CJM also goes beyond conceptual modeling. For example, Harbich et al (2017) uses Markov models to predict the most likely path and timing of a customer’s journey. Bernard & Andritsos (2018) mine actual customer journeys from sales force automation systems and use them in a Monte Carlo like way to uncover patterns. There’s even a patent on one method for mining journey data.

Benefits of Journey Maps

Annette Franz says that “done right, maps help companies in many ways, including to…

  • Understand experiences.
  • Design [new] experiences.
  • Implement and activate new experiences.
  • Communicate and share experiences.
  • Align the organization… get executive commitment for the customer experience (CX) strategy, get organizational adoption of the customer-centric focus, provide a line of sight to the customer for employees, and help employees understand how they impact the experience.”

But like Achilles, Customer Journey Mapping has a vulnerable spot that can wipe out all its potential benefits. (Fortunately, success lies in the way your organization wields the tool… so there’s a remedy.)

The Achilles Heel of CJM

Here’s the problem: creating a journey map does indeed ensure that you focus on the customer, but does not ensure that you’re focusing on that customer’s experience. Diagnosing Voice of the Customer (VoC) is hard [long explanation; shorter explanation], and there are tons of ways to do it! Through journey mapping, you may accidentally be focusing on your company’s experience of that customer throughout the stages of the journey. 

Diagnosing the Symptoms

How can you tell? Here’s a non-exhaustive list of ways to diagnose the symptoms, based on recent research and observing companies who do this since about 2009 (please add in the comments if you’ve observed any other ones):

  • Do you ever hear “How can we move the customer from [this stage] to [the next stage]?”
  • … or “How do we get more customers to join us [at this stage of the journey]?”
  • … or maybe “How can we get customers to [take this action] [at this stage of the journey]?”
  • Does your customer journey address differences in customer personas, or do you have a one-size-fits-all map? Rosenbaum et al (2016) says “We contend that most customer journey maps are critically flawed. They assume all customers of a particular organization experience the same organizational touchpoints and view these touchpoints as equally important.”
  • Do you systematically gather, analyze, and interpret data about what your current customers are experiencing, or do you just kind of guess or rely on your “experience”? (Hint: subconscious biases are always in play, and you’ll never know they’re there because they are subconscious).
  • Do you systematically gather, analyze, and interpret data about what your prospects would benefit from experiencing with/through you, or do you just kind of guess or rely on your “experience”?
  • Do you focus on ease of use over utility? (Just like perfect is the enemy of perfectly OK, easy can be the enemy of possible if you’re not careful. This often shows up in the journey mapping process.)

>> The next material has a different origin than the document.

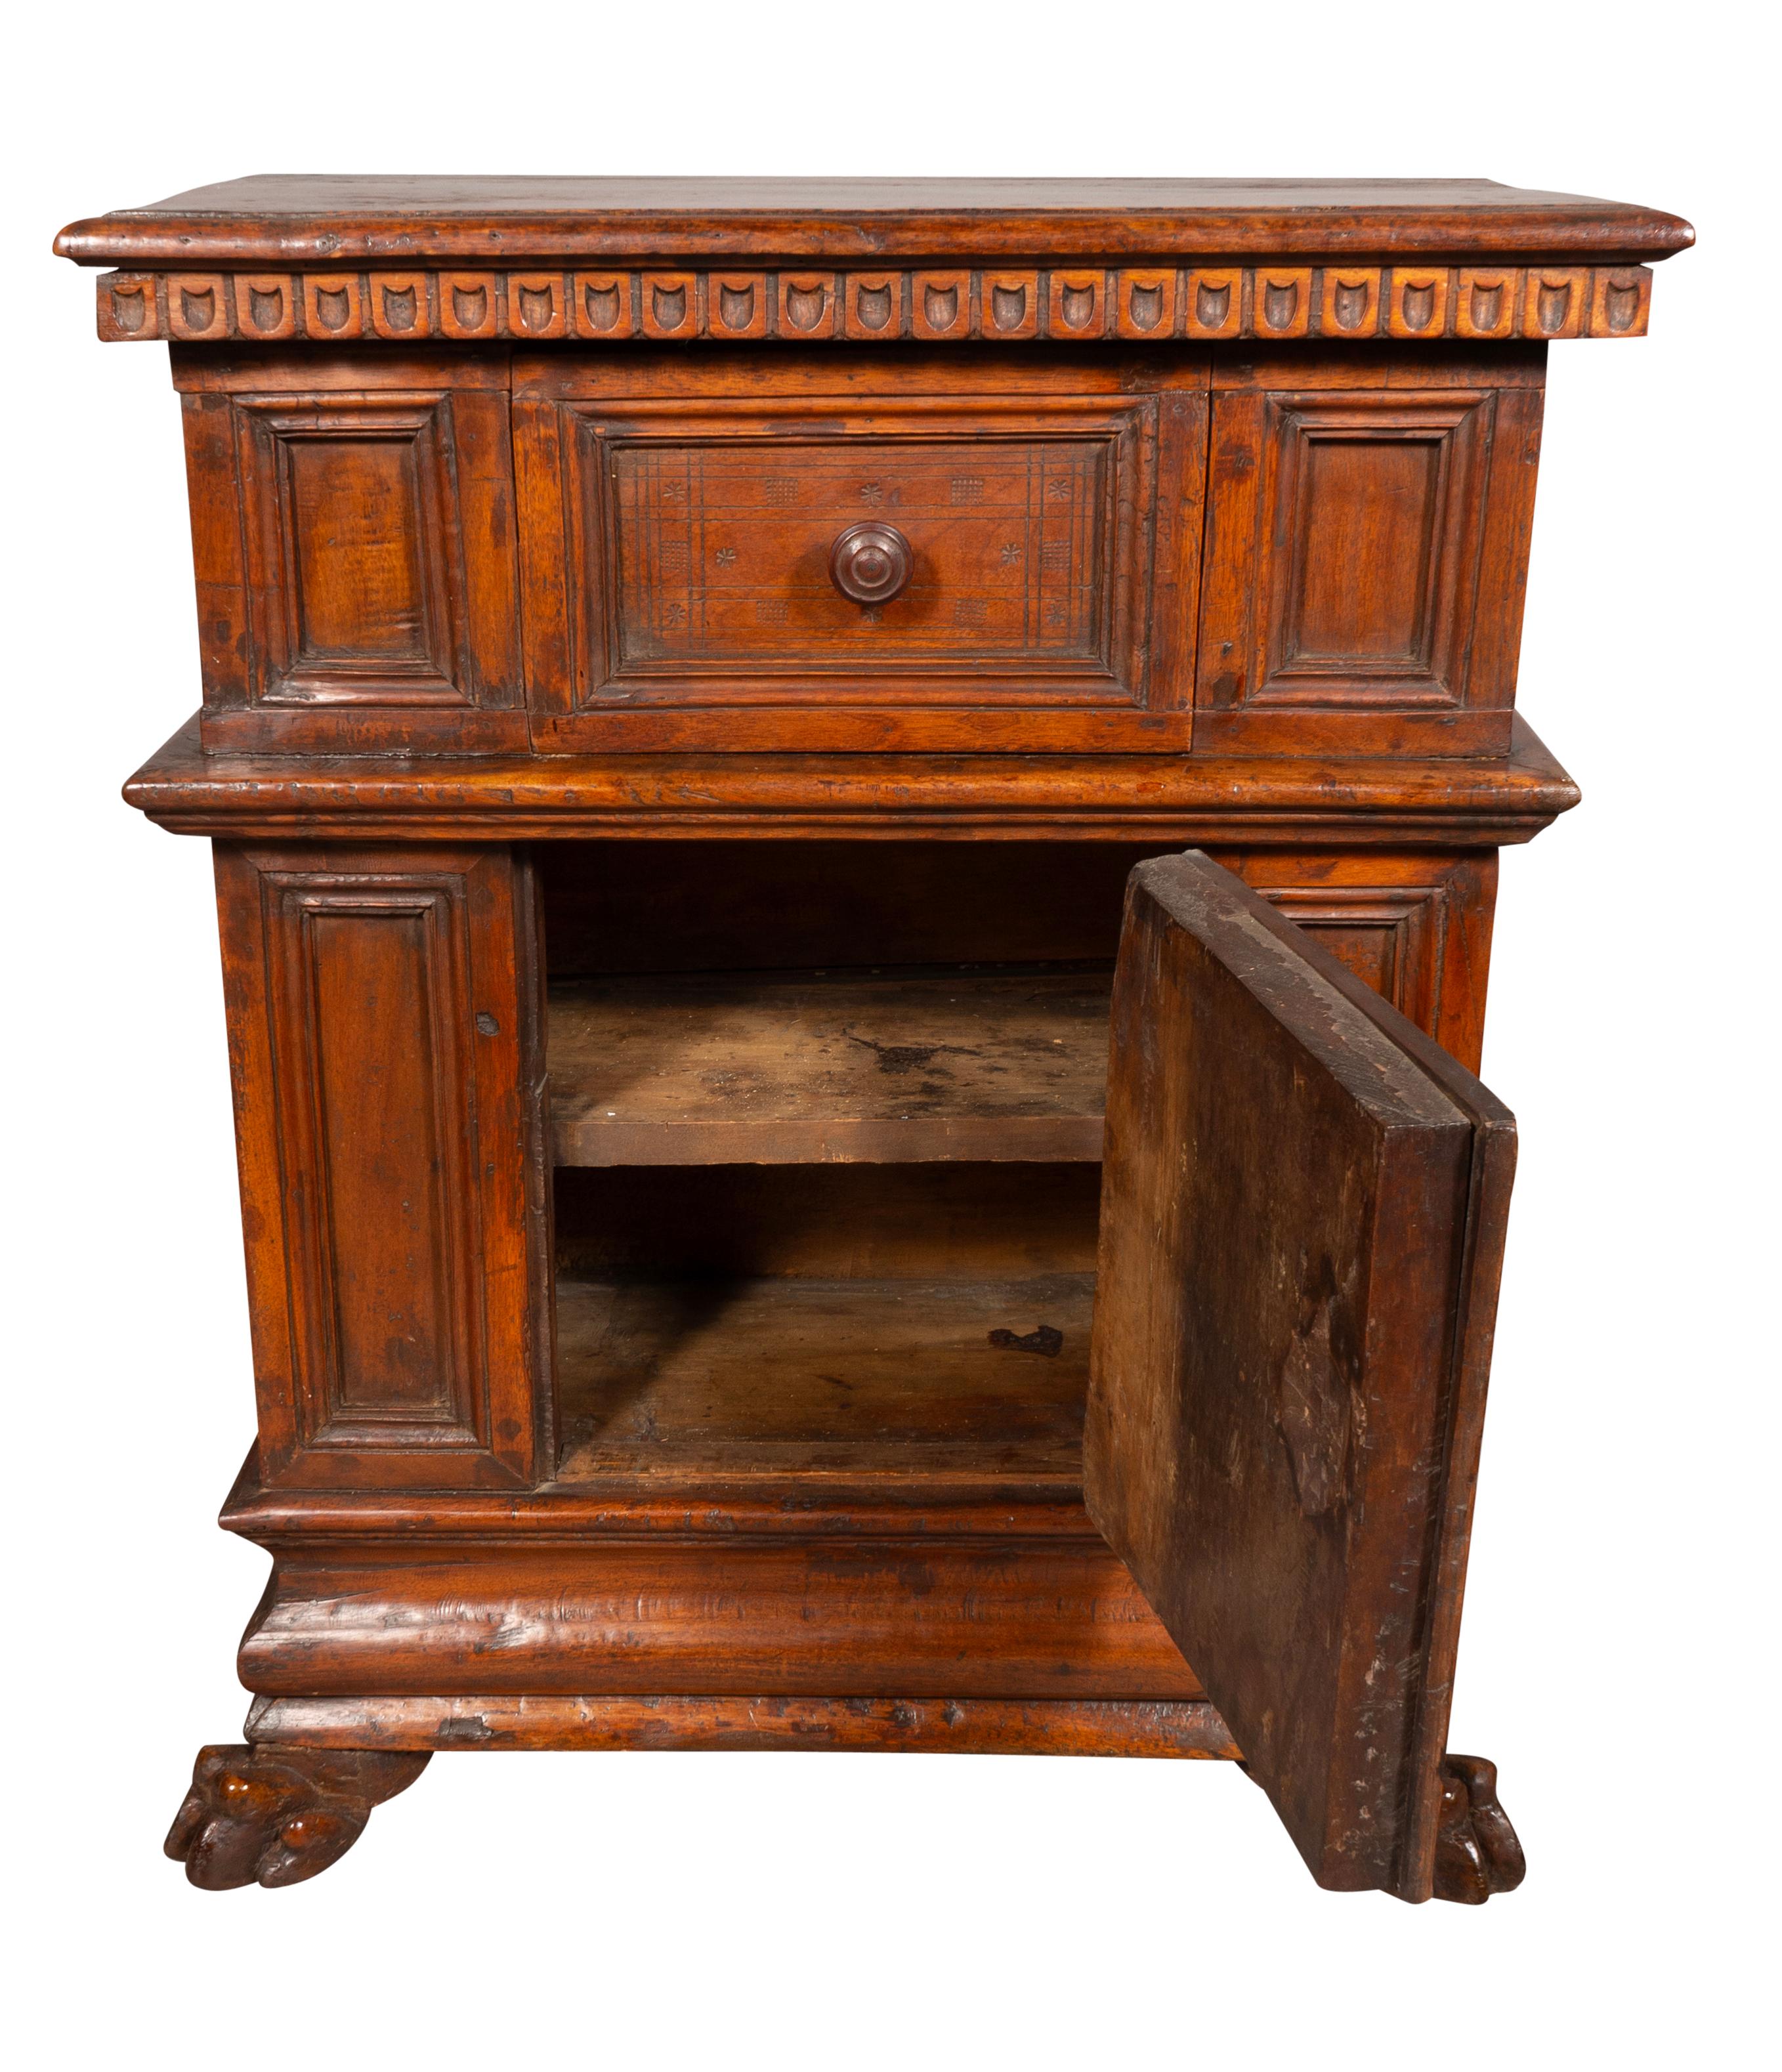 With a wonderful rich brown color and in very nice condition for its age. A rectangular top over a drawer flanked by panels over a central door with a shelf flanked by panels. Raised on paw feet. Wood knob handles.

Like I mentioned earlier, this is definitely not a comprehensive list.

The Solution

What’s the solution? ASK. Ask your customer what they need. Find out about their pain points. Ask them what would make it easier for them to do their job. Finally, ask them if you’re getting it right! And even though I said “customer” — I do mean you should ask more than one of them, because needs and interests vary from person to person and industry to industry. Just interacting with one customer isn’t going to cut it.

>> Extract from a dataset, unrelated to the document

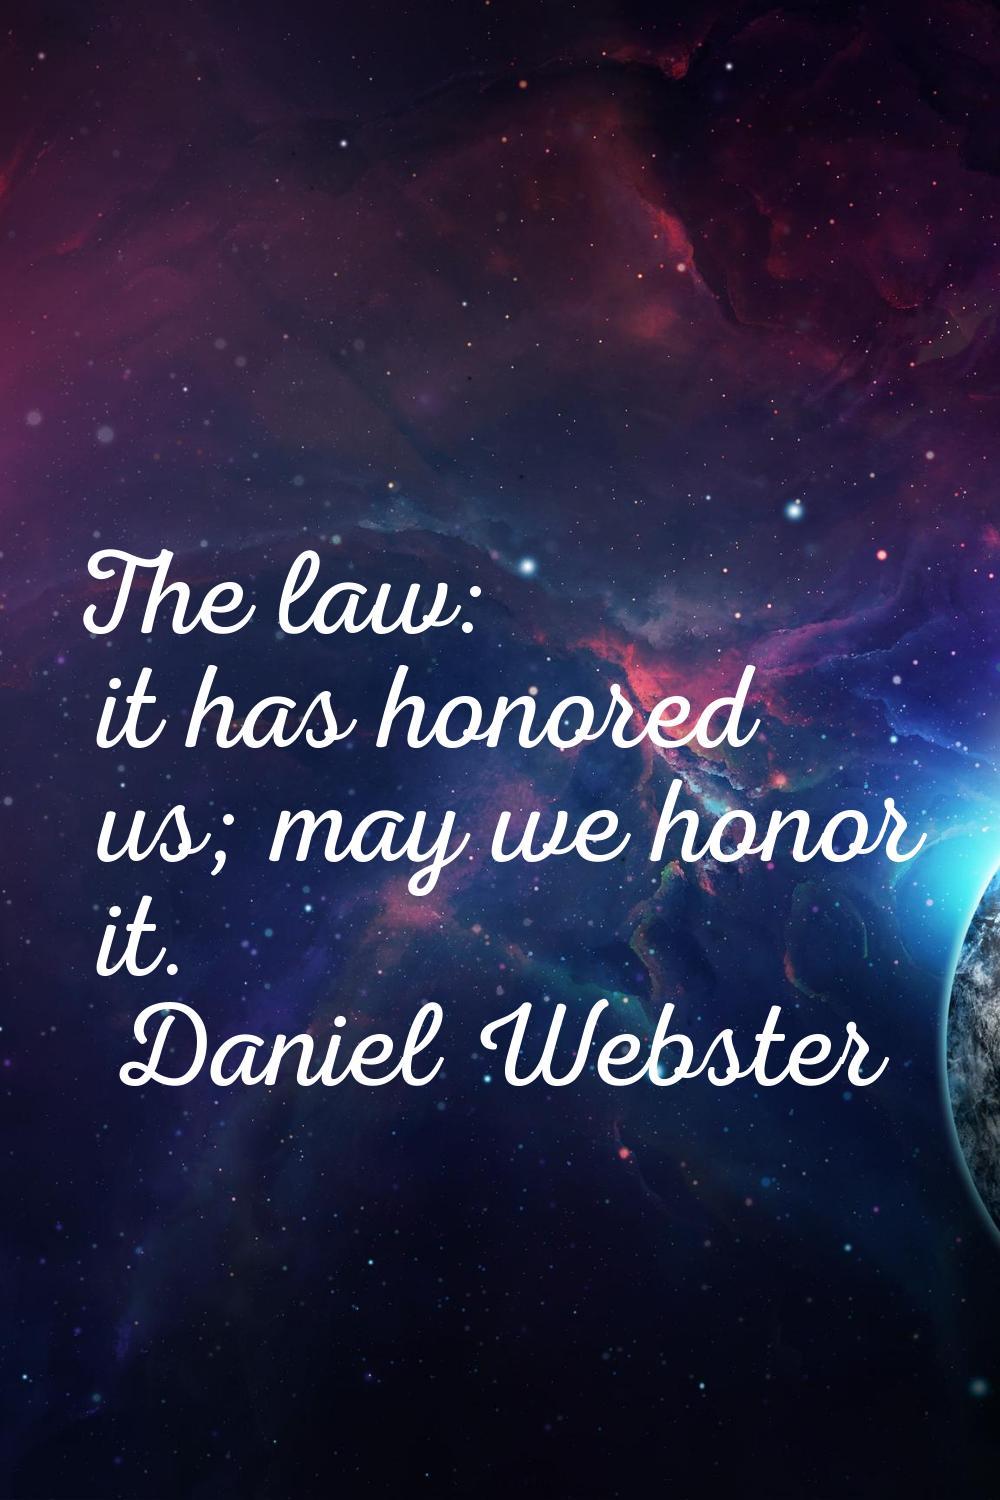 The law: it has honored us; may we honor it.

Ask early, ask often! (As people learn and evolve, their needs change.)

Improving the Method

How can we improve the quality of customer journey mapping? Share your insights and lessons learned! CJM is a promising technique for helping organizations align around empathetic value propositions, but just like agile methods, it’s got to be applied strategically and deliberately… and then checked on a continuous basis to make sure the map is in tune with reality.